If I add a canary before HOOK_MAX_NUM, like this, it works:
diff --git a/src/plugin.h b/src/plugin.h
index 83d9891..38f16e3 100644
--- a/src/plugin.h
+++ b/src/plugin.h
@@ -82,6 +82,7 @@
\
/* Shutdown hooks, runlevel [06] */ \
CHOOSE(HOOK_SHUTDOWN, "hook/sys/shutdown"), \
+ CHOOSE(HOOK_CANARY, "nop"), \
CHOOSE(HOOK_MAX_NUM, "nop") \
}
presumably because the corruption writes to the canary instead. Need more gdb time to isolate this.
I'll have a look at your vector of approach and see if I can find something. But you could perhaps help out with a bisect from your end?
OK, I've tried reverting back to Finit v4.1, with the same results -- so either this is an even older regression (I don't wan't to attempt Finit v4.0 or older, at least not yet), or it's a toolchain bug. I'll rebuild everything with the Bootlin stable toolchain, which has GCC 10.3, slightly older binutils and gdb.

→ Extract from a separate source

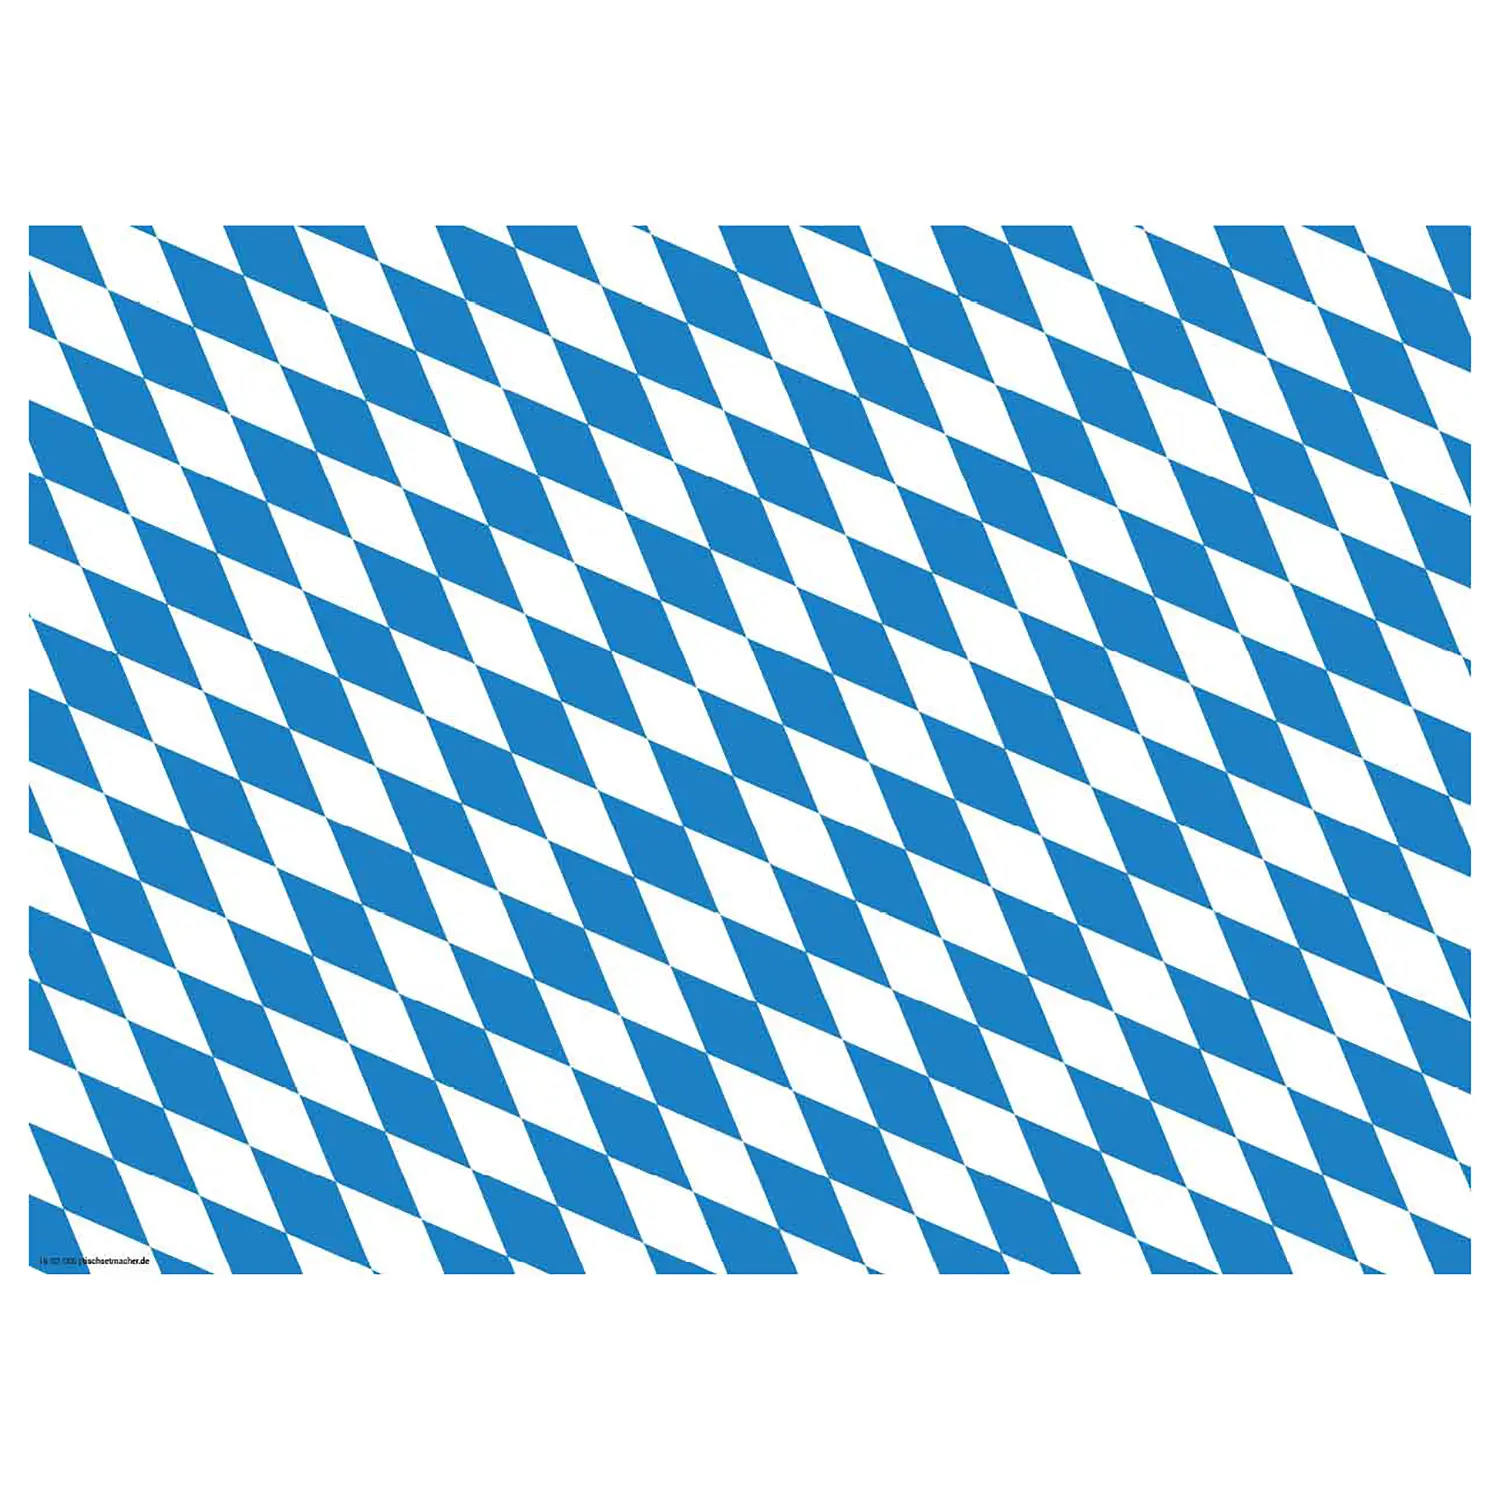 Tischset Bayrische Flagge (12er-Set)

OK, I've tried reverting back to Finit v4.1, with the same results -- so either this is an even older regression (I don't wan't to attempt Finit v4.0 or older, at least not yet), or it's a toolchain bug. I'll rebuild everything with the Bootlin stable toolchain, which has GCC 10.3, slightly older binutils and gdb.
Yes, I believe this issue relates to toolchain, I have tried finit 4.2 with gcc-7 as described above, the issue did not show up with gcc-7.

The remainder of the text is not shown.